THESE must be trussed as for boiling, and then placed in an oval stewpan with carrot, celery, two onions stuck with three cloves each, a garnished faggot of parsley, and a couple of red Spanish sausages; moisten with some red wine mirepoix, cover them up, and set them to stew very gently for about two hours on a slow fire.

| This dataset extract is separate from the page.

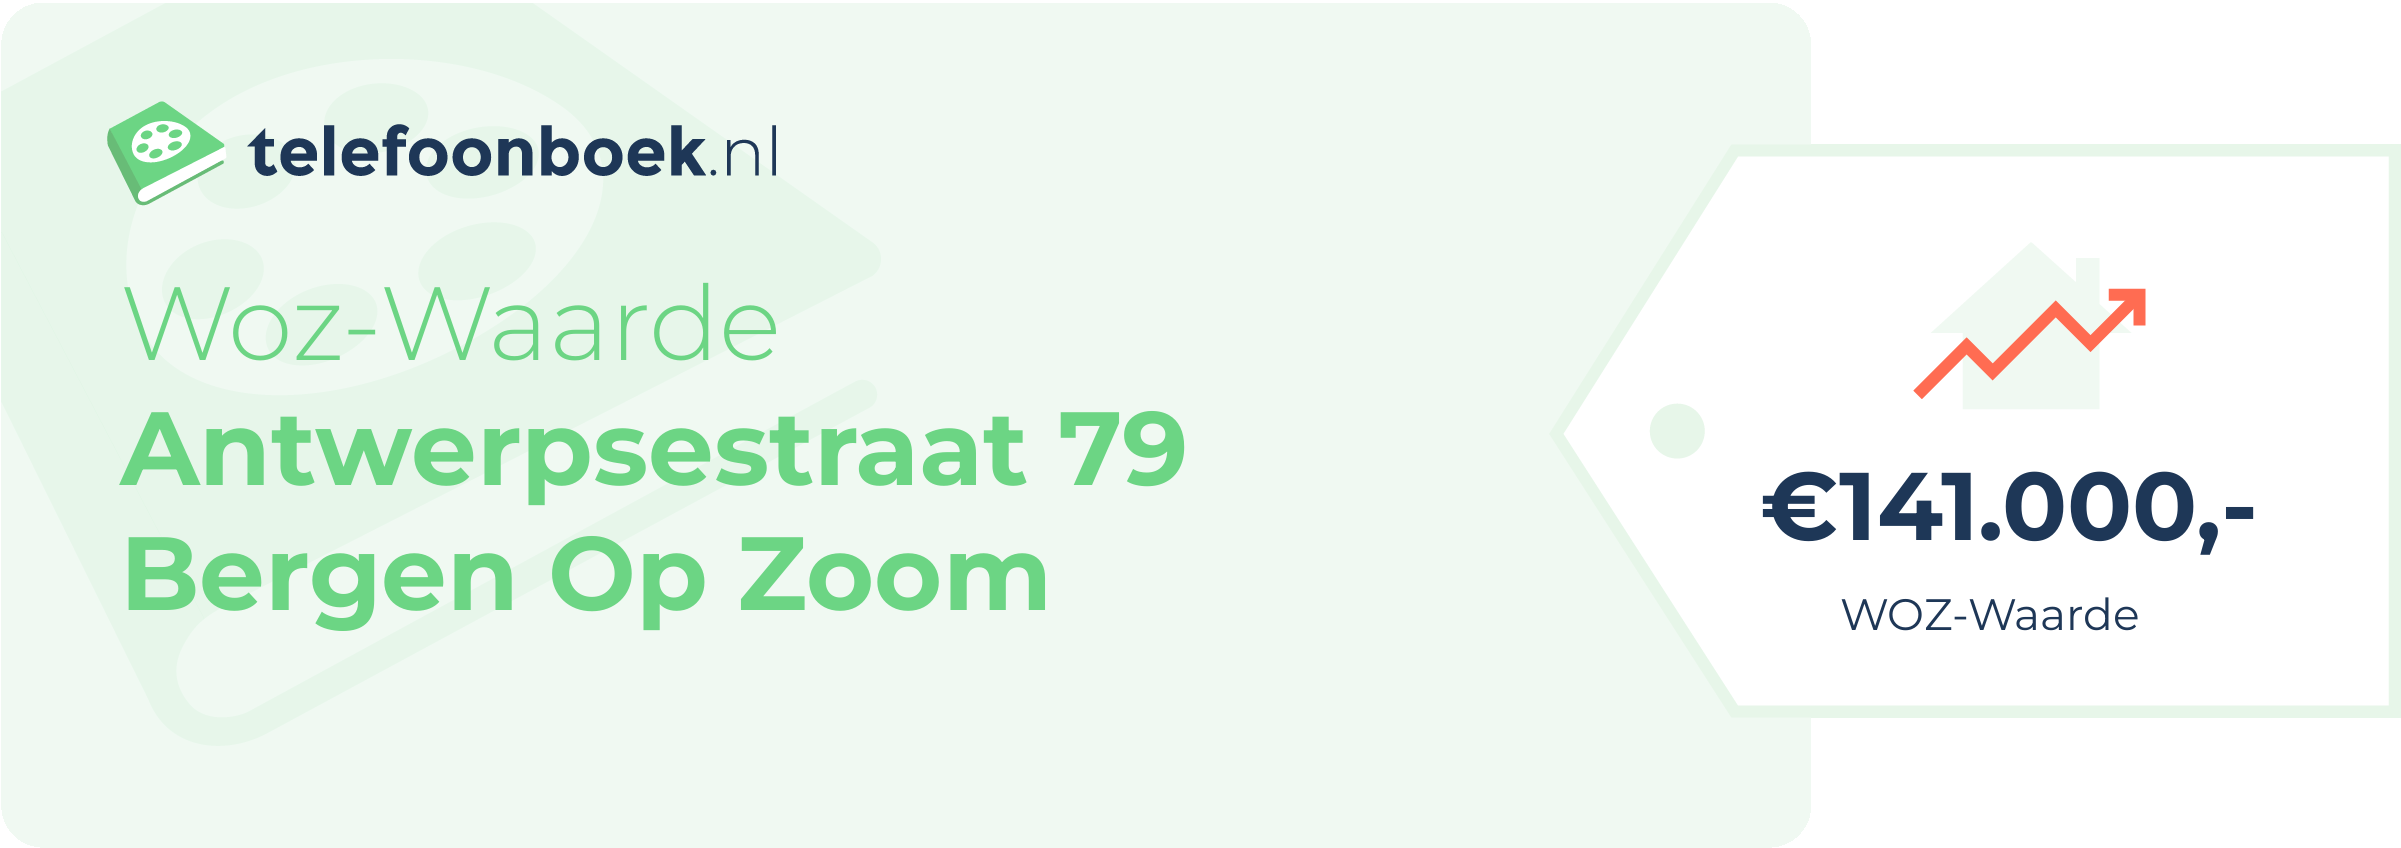 WOZ-waarde Antwerpsestraat 79 Bergen Op Zoom

While the pheasants are stewing, prepare some rice in the following manner:
Thoroughly wash ten ounces of Carolina rice, and afterwards boil it for three minutes in water, and drain it on a sieve until all the moisture is absorbed; then put a gill of salad oil into a large sauce-pan over a brisk fire, and as soon as the oil is quite hot, throw the rice in and fry it until it becomes slightly browned, stirring it with a spoon the whole of the time it remains on the fire. Then put the rice into a stewpan, moisten it with a pint and a half of good consommé, season with a little Cayenne pepper and a pinch of saffron powder; set it to simmer very gently on the fire for half an hour, and when the pheasants are dished up, work the rice with a tea-spoonful of tomato sauce and a little glaze, then mould it in the shape of ordinary quenelles with a table-spoon, and place these closely round the pheasants after they are dished up; sauce them over with Poivrade sauce in which part of their broth has been mixed after being first boiled down to glaze, and serve.